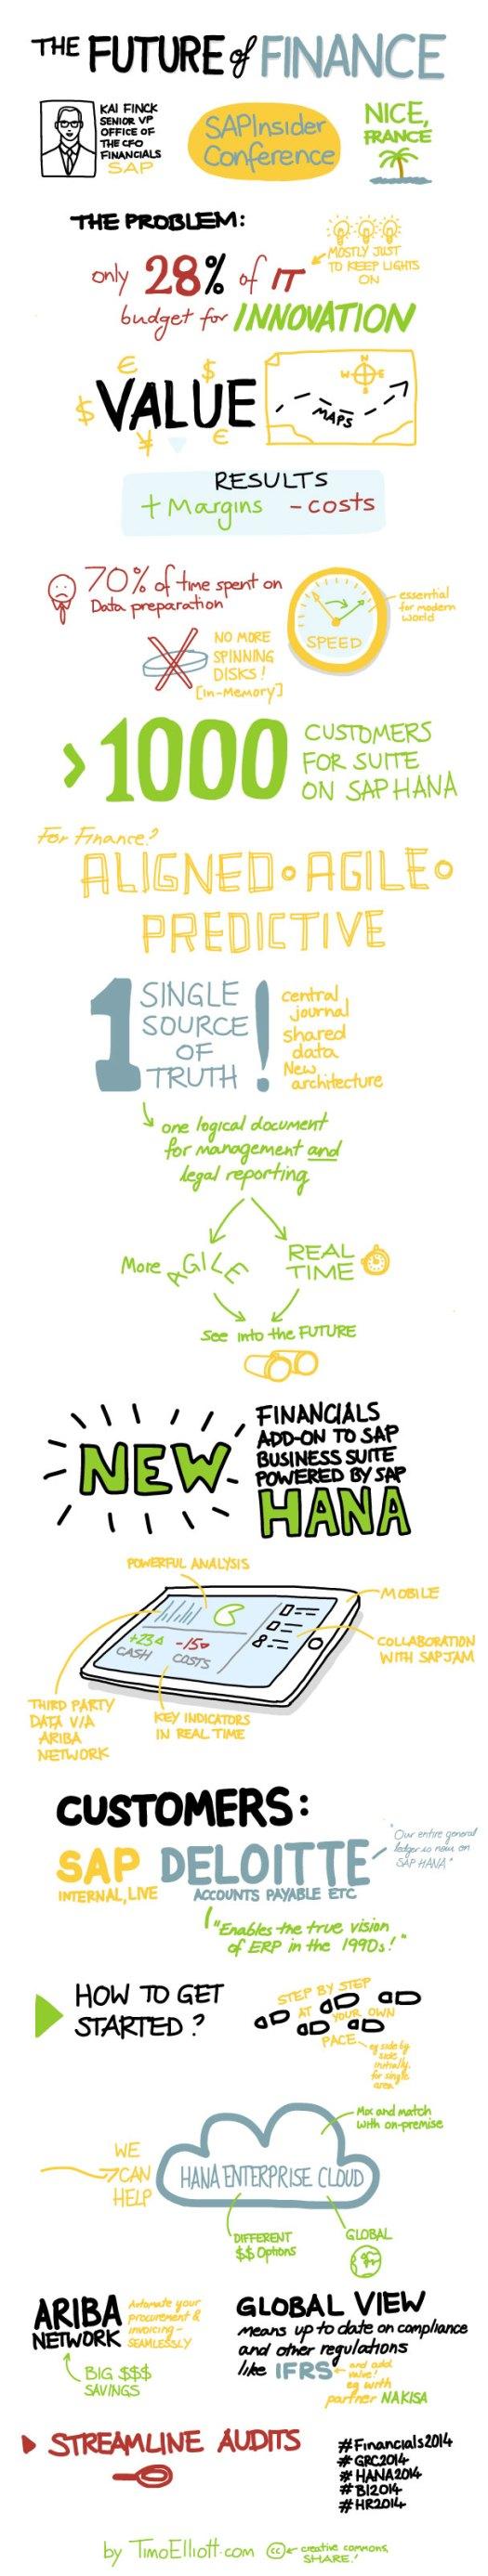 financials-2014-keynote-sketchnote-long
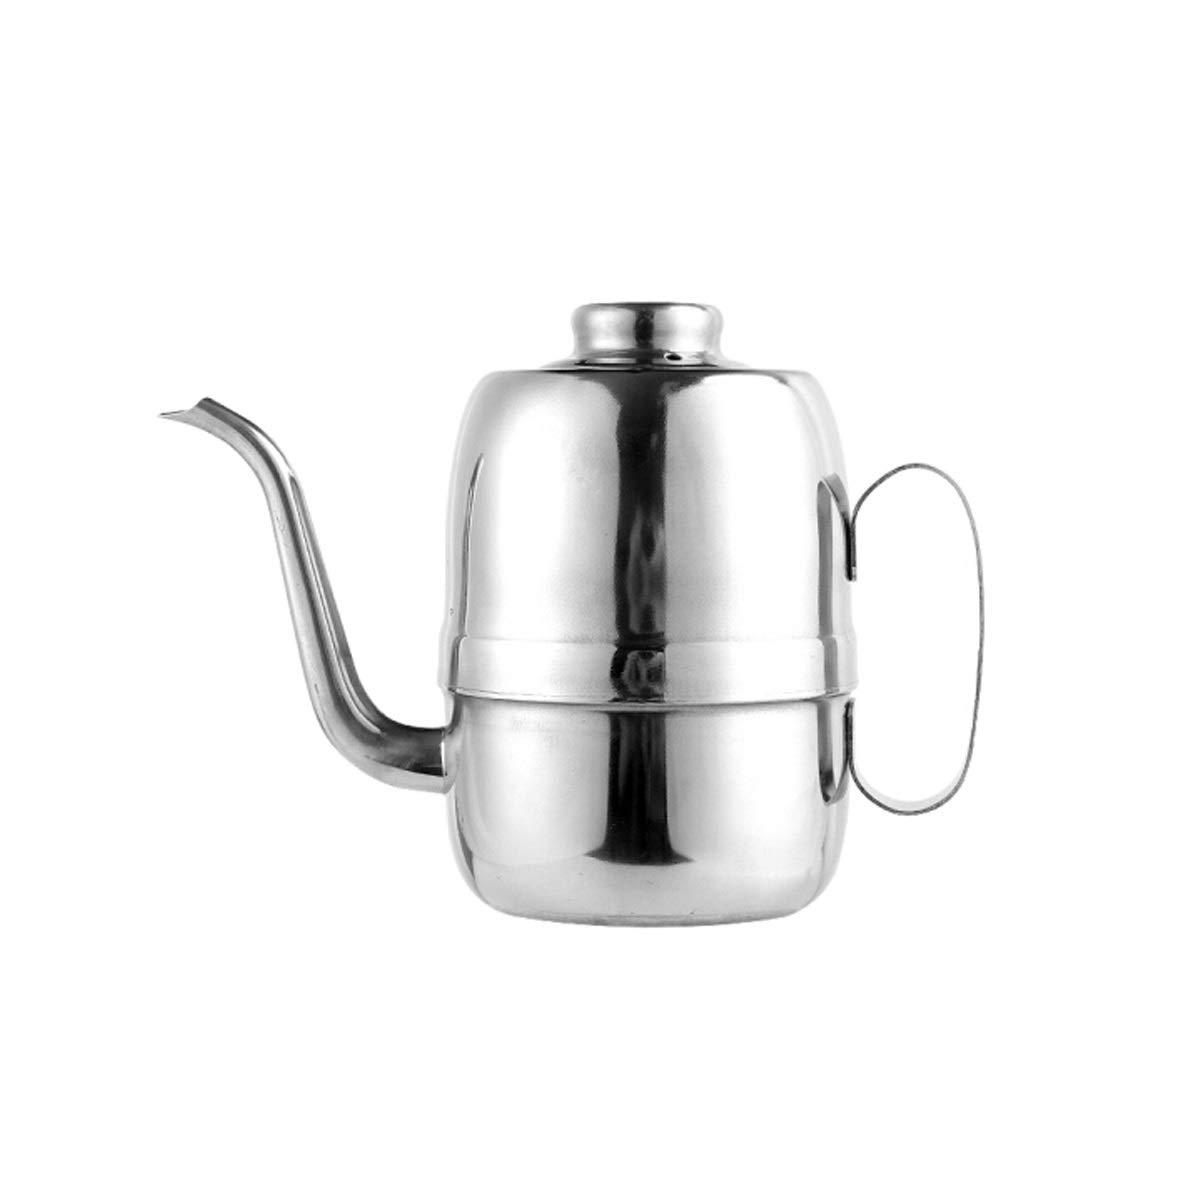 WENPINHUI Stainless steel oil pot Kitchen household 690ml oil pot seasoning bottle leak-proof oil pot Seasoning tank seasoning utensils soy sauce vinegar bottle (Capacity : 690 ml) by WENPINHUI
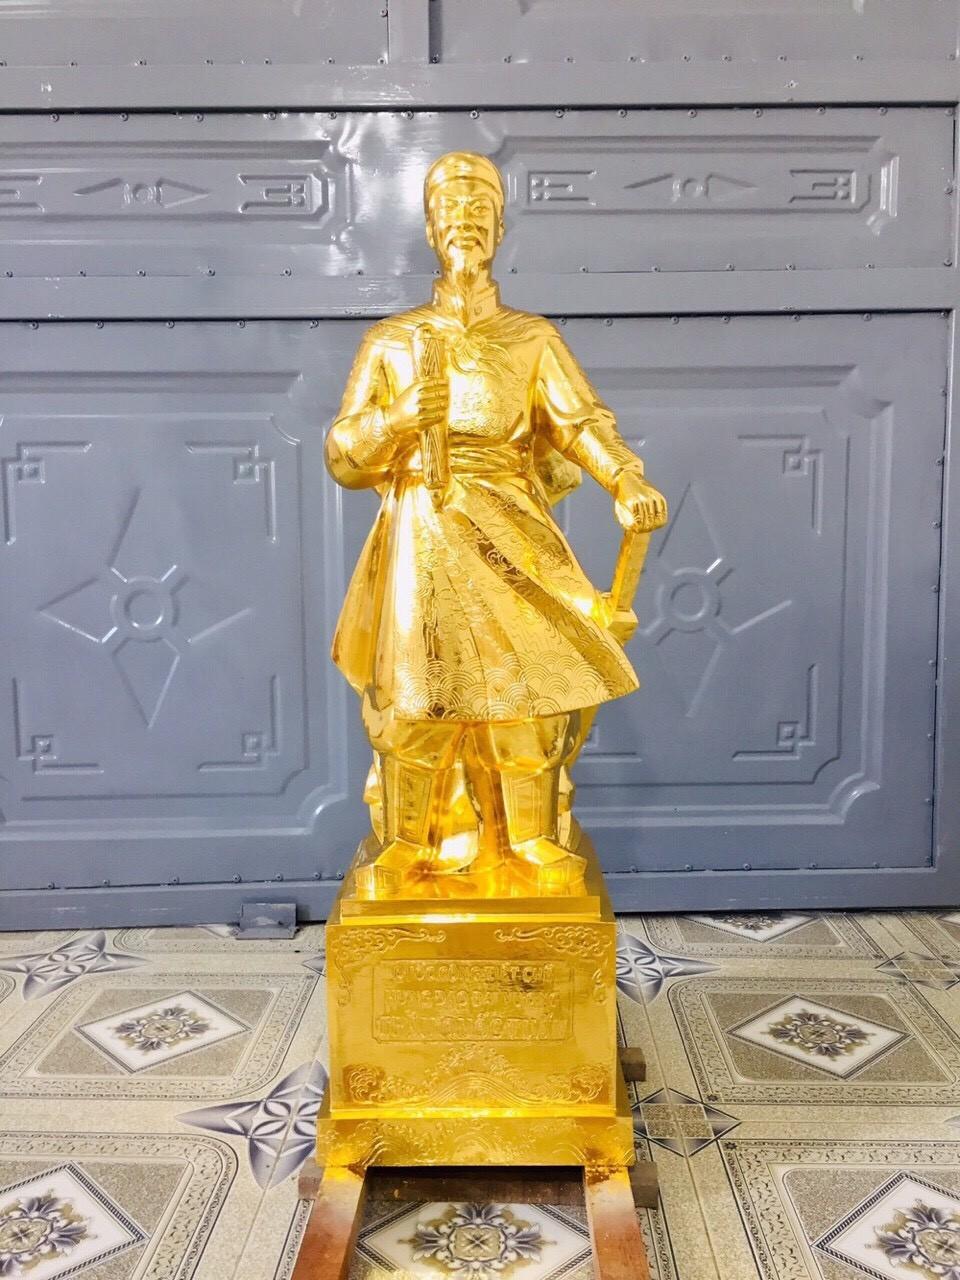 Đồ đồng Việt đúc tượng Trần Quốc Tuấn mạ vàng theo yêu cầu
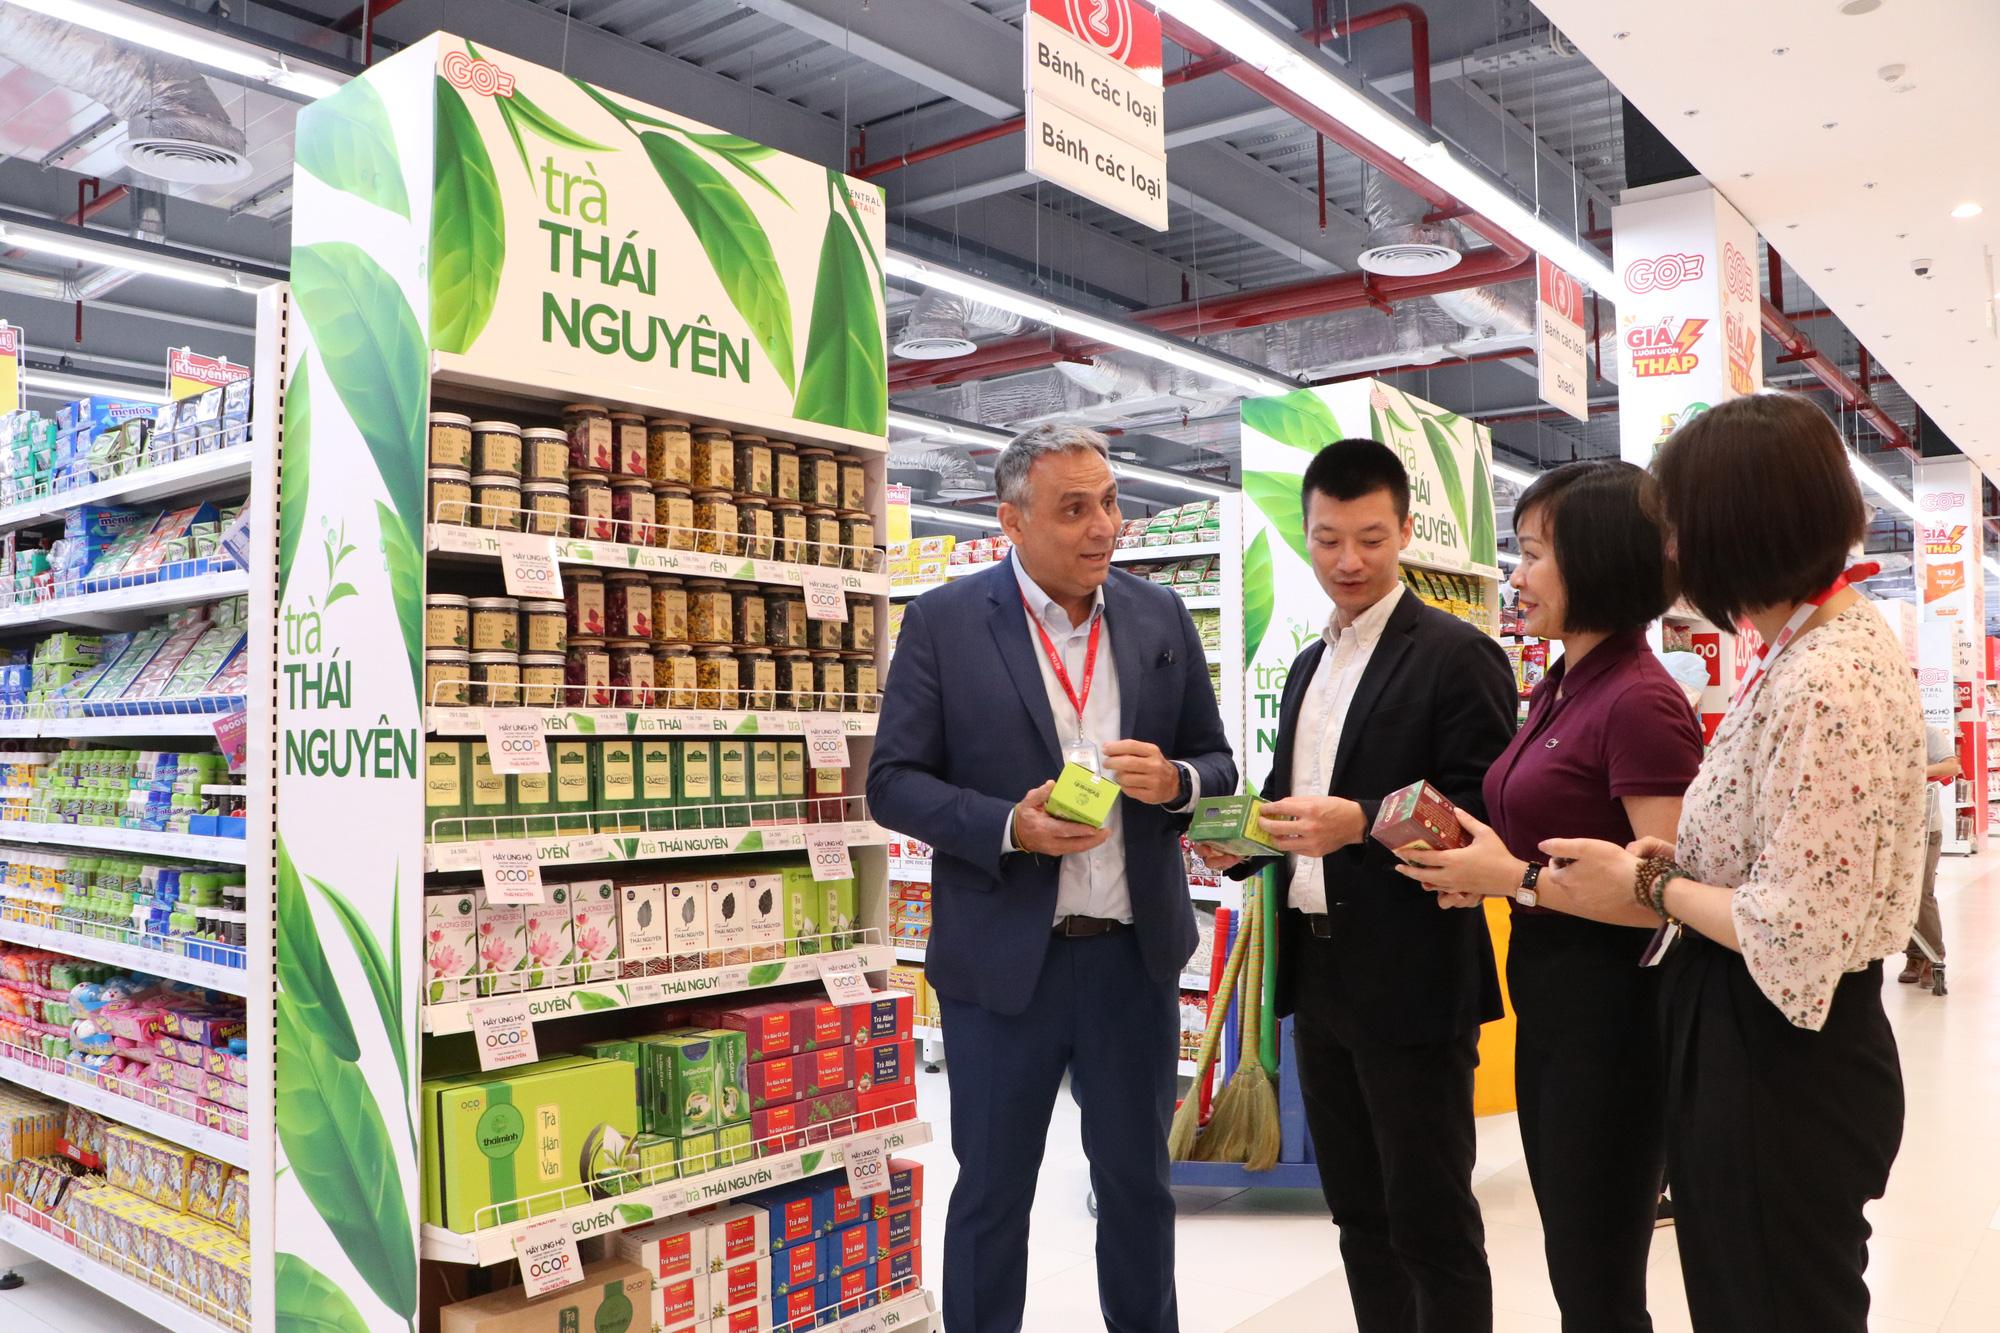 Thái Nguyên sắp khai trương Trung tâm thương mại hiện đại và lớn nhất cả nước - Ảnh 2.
########
ASSIGNED TASK> Omitting all images, print the listing exactly.

SOLUTION TO THE EXERCISE>
 financials-2014-keynote-sketchnote-long
 WENPINHUI Stainless steel oil pot Kitchen household 690ml oil pot seasoning bottle leak-proof oil pot Seasoning tank seasoning utensils soy sauce vinegar bottle (Capacity : 690 ml) by WENPINHUI
 Đồ đồng Việt đúc tượng Trần Quốc Tuấn mạ vàng theo yêu cầu
 Thái Nguyên sắp khai trương Trung tâm thương mại hiện đại và lớn nhất cả nước - Ảnh 2.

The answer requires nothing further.